2) Peut-on parler de dérive monarchique de la République à partir de 1958 ?
En 1964, François Mitterrand, un des plus farouches opposants au général de Gaulle, publie un
ouvrage intitulé « le coup d’Etat permanent » dans lequel il condamne les institutions de la Cinquième
République qui donnent le pouvoir à un seul homme. Dans l’hebdomadaire Le Canard enchaîné, les
caricaturistes dessinent de Gaulle en Louis XIV. Encore aujourd’hui, de nombreux observateurs parlent
de « monarchie républicaine » pour parler de la Cinquième République. Qu’en est-il ?
La nouvelle constitution est préparée durant l’été 1958 par une commission dirigée par Michel
Debré, un proche du général de Gaulle. De manière très symbolique, le projet constitutionnel est
présenté par de Gaulle lors d’un grand discours le 4 septembre 1958, place de la République à Paris. Les
Français l’approuvent le 28 septembre par près de 80 % des votants (66 % des inscrits) et le nouveau
texte est promulgué le 4 octobre. Les différences avec le système précédent ne sont pas évidentes au
premier coup d’œil : il y a toujours deux assemblées, un chef de l’Etat élu pour 7 ans et un
gouvernement qui doit disposer de la majorité à l’Assemblée nationale pour pouvoir diriger le pays ; la
seule véritable nouveauté en matière d’organes institutionnels est l’apparition du Conseil
constitutionnel chargé de vérifier la constitutionnalité des lois. Cependant, c’est l’équilibre entre ces
organes qui se trouve modifié par la nouvelle constitution. Le Président de la République voit ses
prérogatives renforcées : il peut toujours dissoudre l’Assemblée nationale mais il dispose en plus de la
possibilité de consulter directement les citoyens par la procédure du référendum (pratique qui rappelle
trop à certains l’Empire napoléonien et qui permet de court-circuiter la représentation nationale et les
partis pour mettre le Président directement en relation avec le peuple) ; les circonstances dramatiques
dans lesquelles le texte a été élaboré donnent au chef de l’Etat, par le biais de l’article 16, la possibilité
de disposer des pleins pouvoirs pour un temps limité ; le Président joue également un rôle plus
important dans le pouvoir exécutif comme le montre le changement du titre du chef du gouvernement
de « président du conseil » en « premier ministre » : désormais c’est le Président de la République qui
préside le Conseil des ministres. De Gaulle a cependant dû effectuer certaines concessions pour obtenir
l’appui de certaines formations politiques : il a renoncé ainsi à faire élire le Président par le peuple (ce
seront 80 000 grands électeurs qui l’éliront en décembre 1958).

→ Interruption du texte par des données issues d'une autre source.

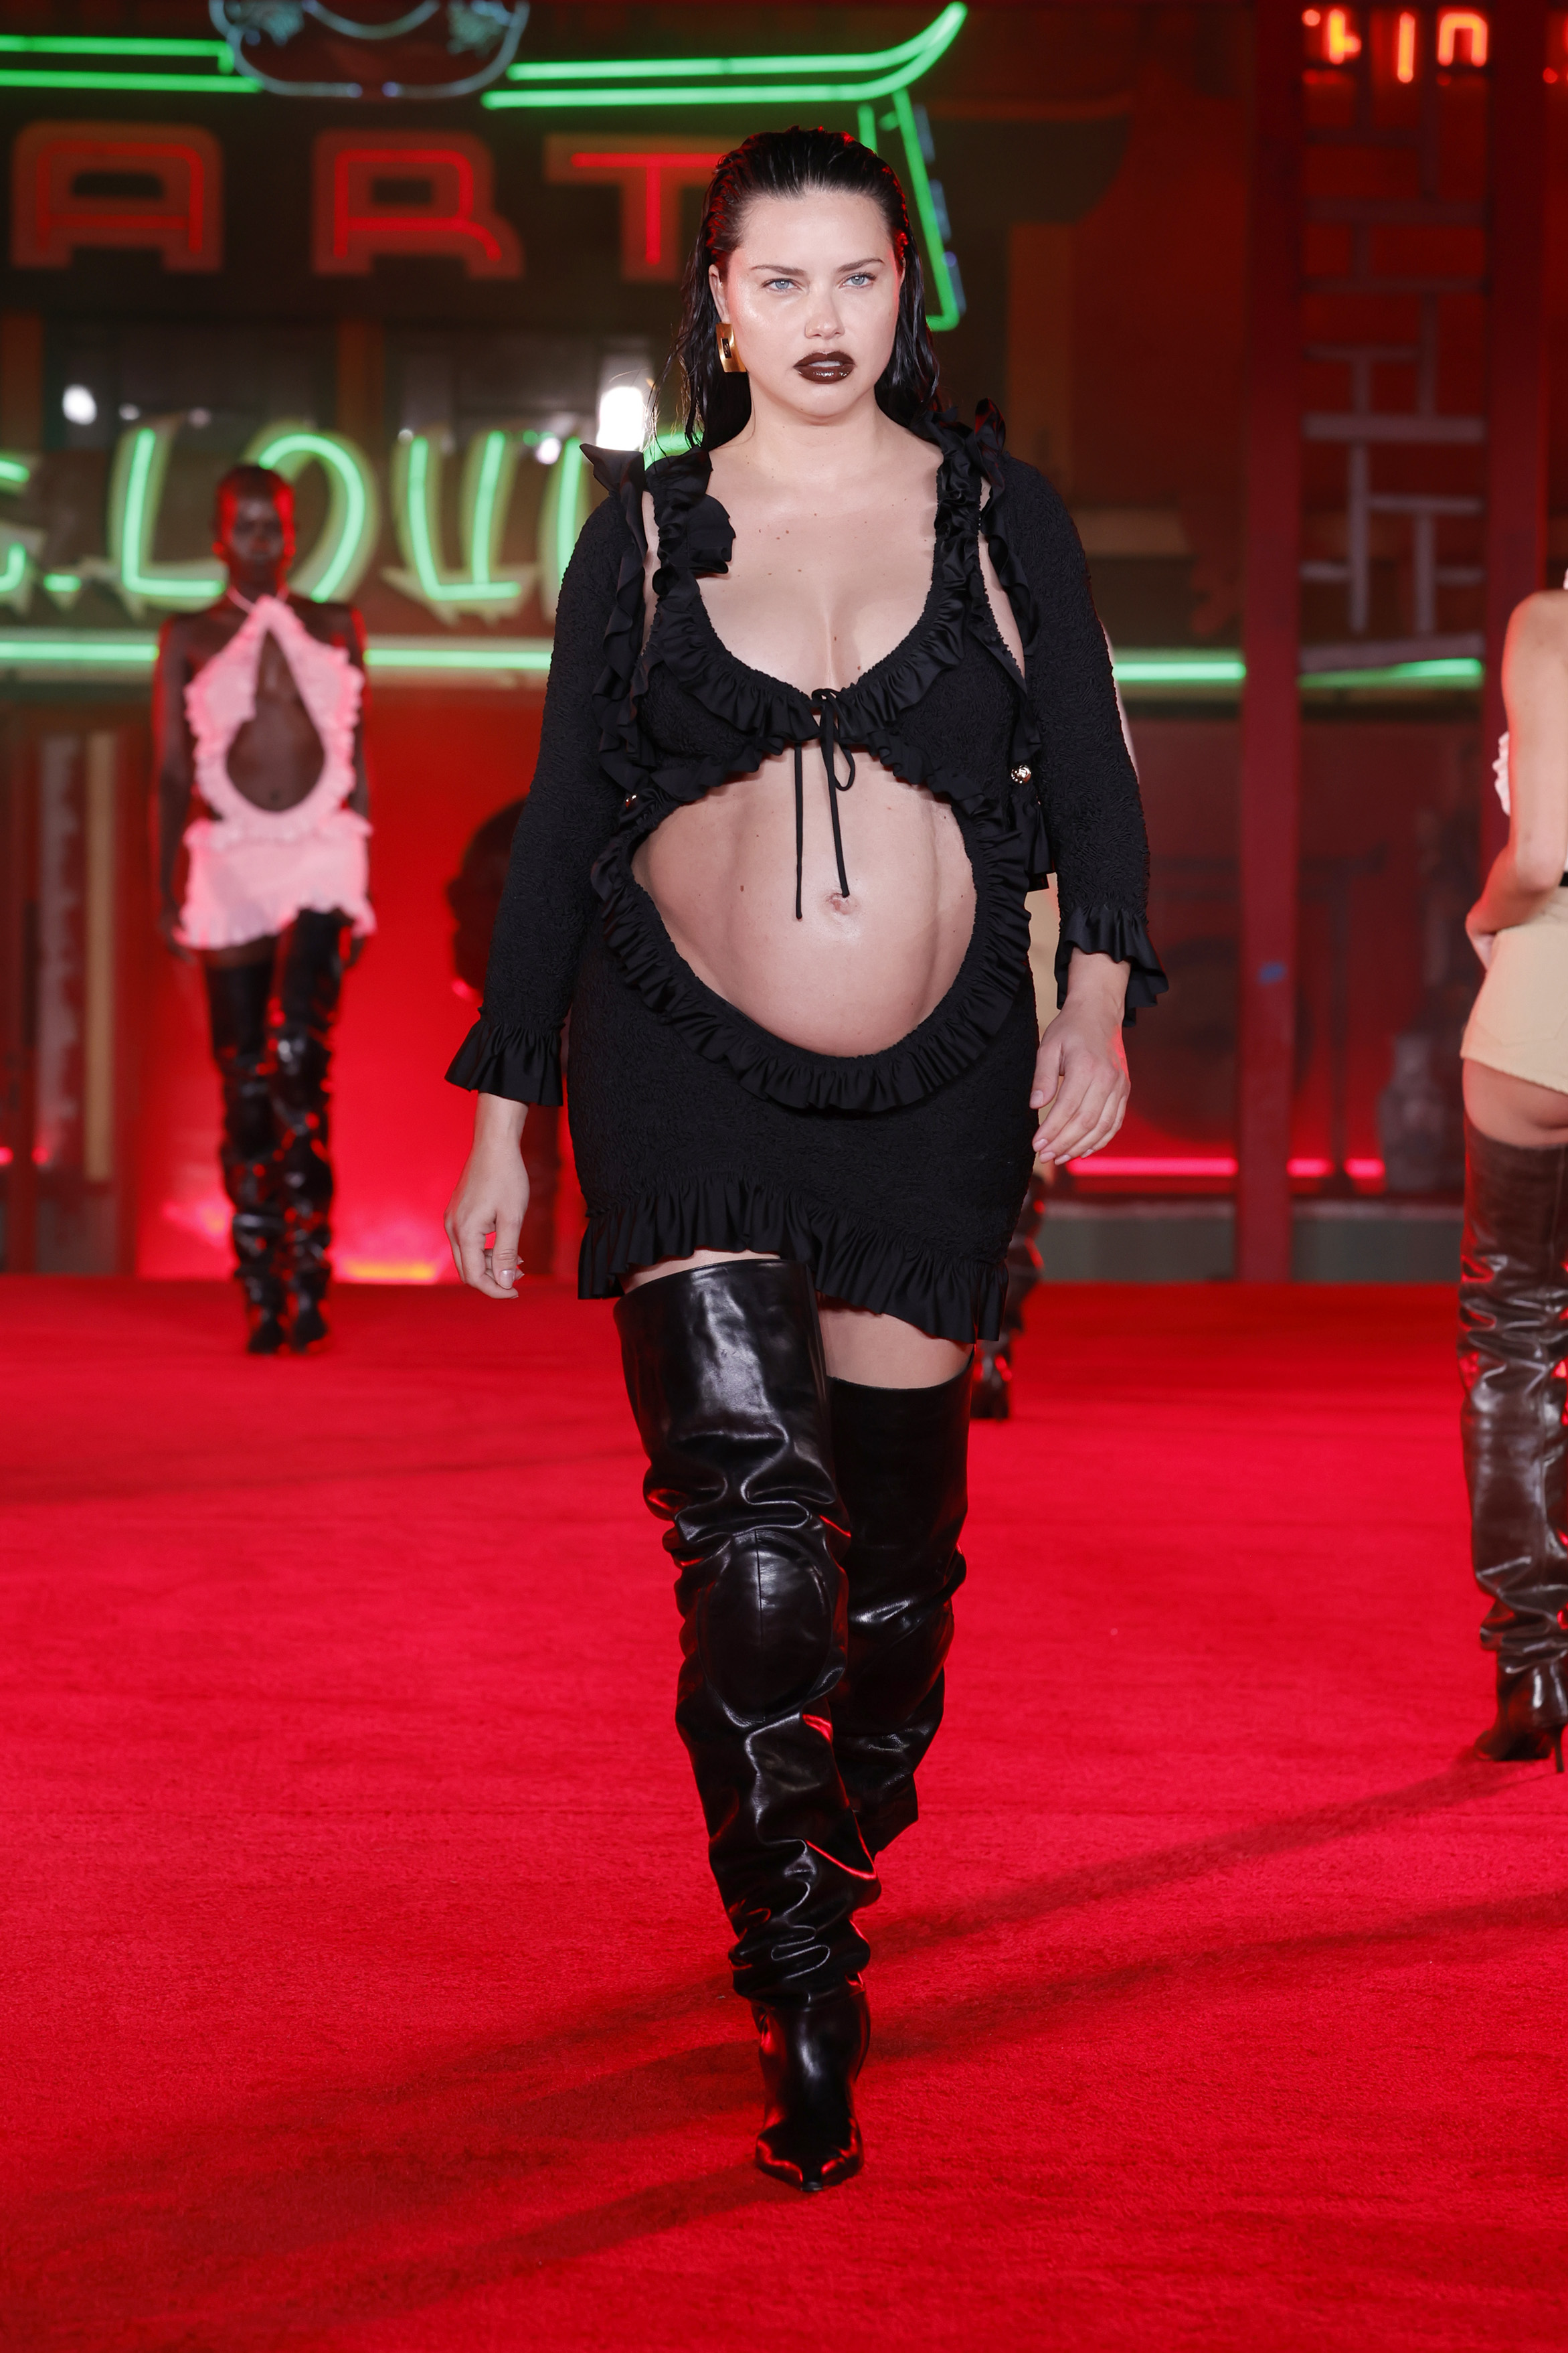 Беременная Адриана Лима показала голый живот на подиуме (фото, видео)

Toutefois, il va très vite s’instituer une certaine différence entre le texte constitutionnel et la
pratique gaullienne. De Gaulle donne à sa fonction une plus grande importance encore que dans les
articles de la constitution : par ses voyages dans le pays, par le contrôle de la radio et de la télévision
nationale, par la manière qu’il a d’assumer la fonction présidentielle, il est le point central. Cela se révèle
efficace lorsqu’en 1961 il faut déjouer le putsch des généraux et maintenir l’armée dans l’obéissance.